18 Lyricist Sammy : CAHN
19 Smiling Face With Heart-Eyes, e.g. : EMOJI
24 Seized vehicle, for short : REPO
25 Like a horse that can no longer be ridden : LAME
26 Here, in Honduras : AQUI
27 What a bobby pin might help make : CURL
28 Much change may come from this : TILL
32 Slip up : ERR
33 Word with old, new or school : … AGE
34 Stick up : ROB
36 Commercial name that becomes another commercial name if you move its first letter to the end : AVIS
37 Rental for an outdoor reception : TENT
38 Fires : AXES
40 Sensed : FELT
41 When repeated, Mork’s farewell : NANU
44 Slip-up : BONER
46 Weak : FEEBLE
48 St. Francis of ___ : ASSISI
50 Home run pace : TROT
51 “Give My Regards to Broadway” composer : COHAN
52 Natty neckwear : ASCOT
53 Year, in old Rome : ANNUS
54 Hatha and Bikram, for two : YOGAS
55 Bulging with muscles, in modern lingo : SWOLE
56 Che’s “Weekend Update” co-host on “S.N.L.” : JOST
59 Many millennia : EONS
60 Something not worn on casual Friday : SUIT
61 Small whirlpool : EDDY
63 “Dee-lish!” : YUM!
64 ___ Constitution : USS

13 thoughts on “0527-20 NY Times Crossword 27 May 20, Wednesday”

  1. 8:35, no errors. Got hung up for a bit at the end: I had put in “ANNUM” instead of “ANNUS” and saw that “MIMSES” simply wasn’t going to work, but somehow took forever to figure out what I’d done wrong. (Well, maybe not forever, but it seemed like it … duh … 😜.)

  2. 15:49. I was a little pokey today as well. I usually make an excuse when that happens so I’ll do the same today. I did this last night outside while a pool party was going on next door. The noise was distracting, but the normalcy of the din made it actually soothing. Interesting times.

    Same issue as Nonny with ANNUm and ANNUS. My biggest issue was north central – not knowing LAALAA, PAWAW or MAMBO.

    I thought it was tough for a Wednesday.

    Best –

  3. 25:52 no errors.I stopped in the middle of this one to answer the phone …this guy wants to buy my house out of the blue…I gave him a rediculous high price…he asked me what condition it was in…I told him good and raised the price another 20K…at this point I think he got the message and said he would get back to me. Telemarketers you gotta love um.
    Stay safe.

  4. Jack, that was me trying to slow you
    down.😊
    I was going to follow through and buy your house at the lower price. The extra 20K put me off.

  5. I’ve always thought the Voord from the Doctor Who story “The Keys of Marinus” with their strange head gear might have been the inspiration for the teletubbies.
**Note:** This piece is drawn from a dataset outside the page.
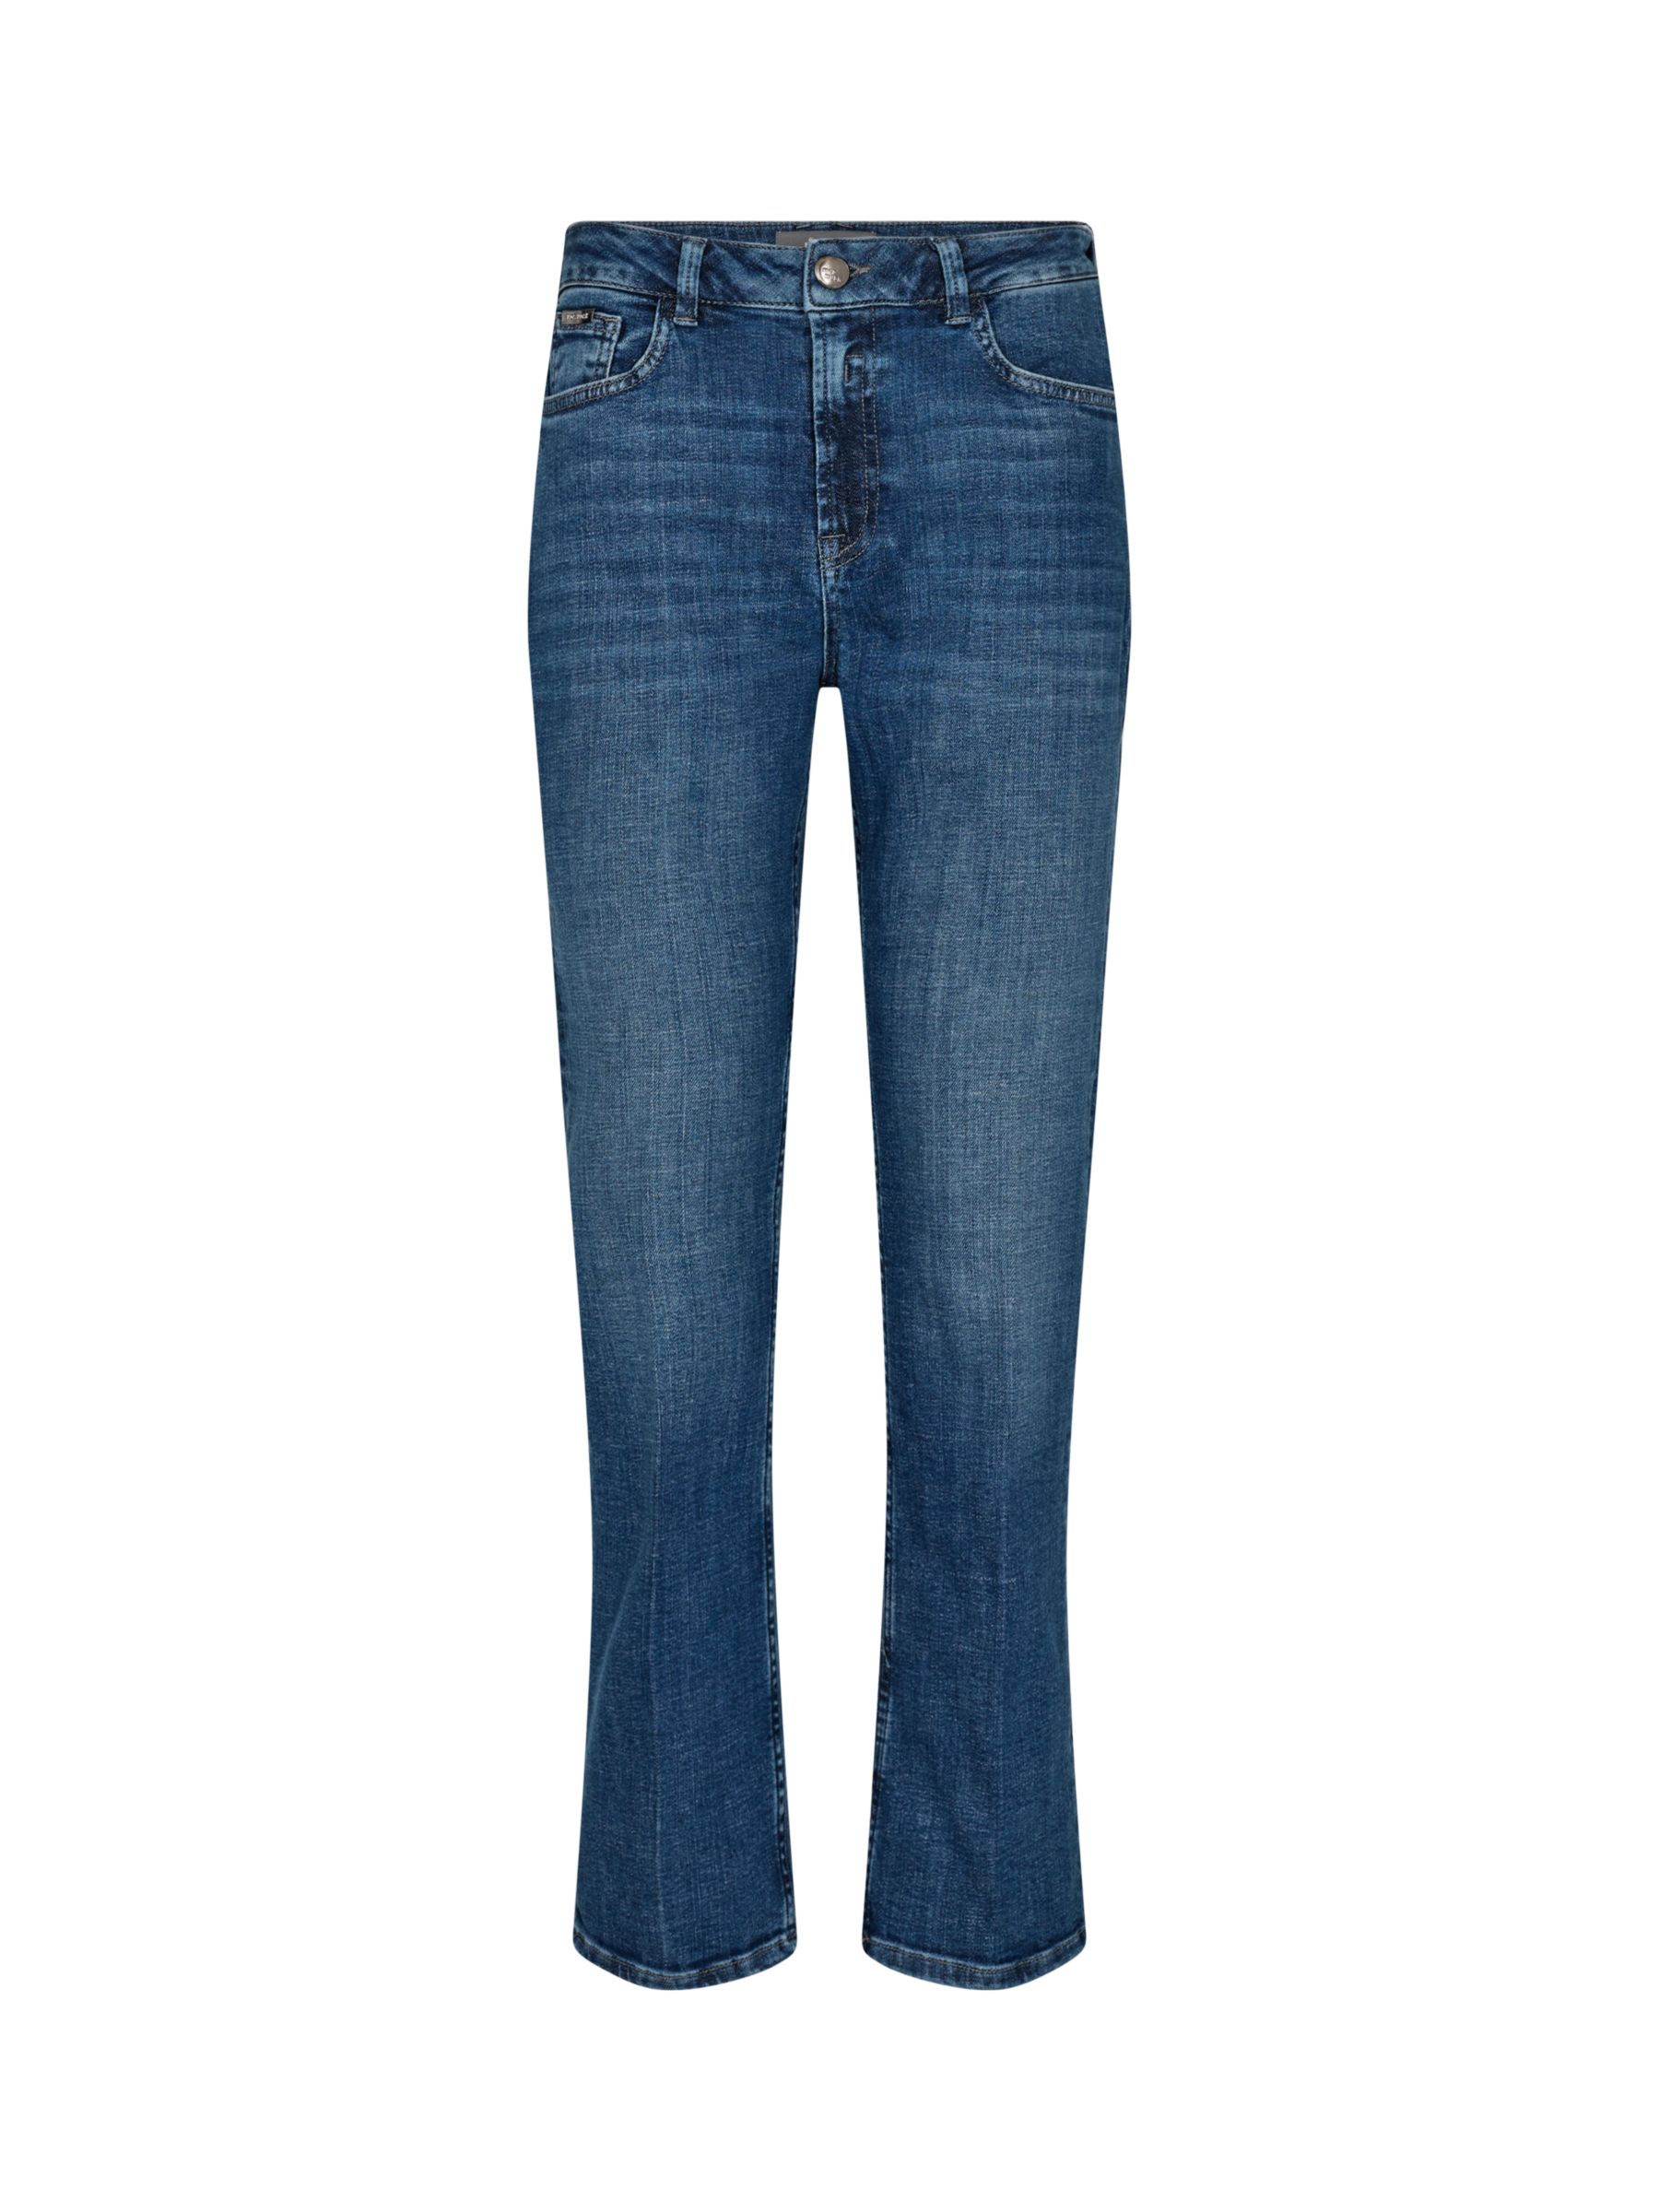 Buy MOS MOSH Everest Ave Mid Rise Straight Jeans, Blue Online at johnlewis.com

  6. No errors. Pretty easy for a Wednesday. I also had ANNUM before switching to ANNUS. A brief research reveals that they are just different cases of the same Latin word. The Latin “per” would have to be added in front of the word “annum” before it would be deemed correct. Otherwise, ANNUS is indeed the word for “Year, in old Rome”.

  7. Bill — My folks owned a small grocery store in the Midwest in the 1940s-50s. Their cash register had a TILL, located across the bottom of the register, which popped open when the a sale was completed. It had sections for denominations of bills and coins. A lot of change came from it.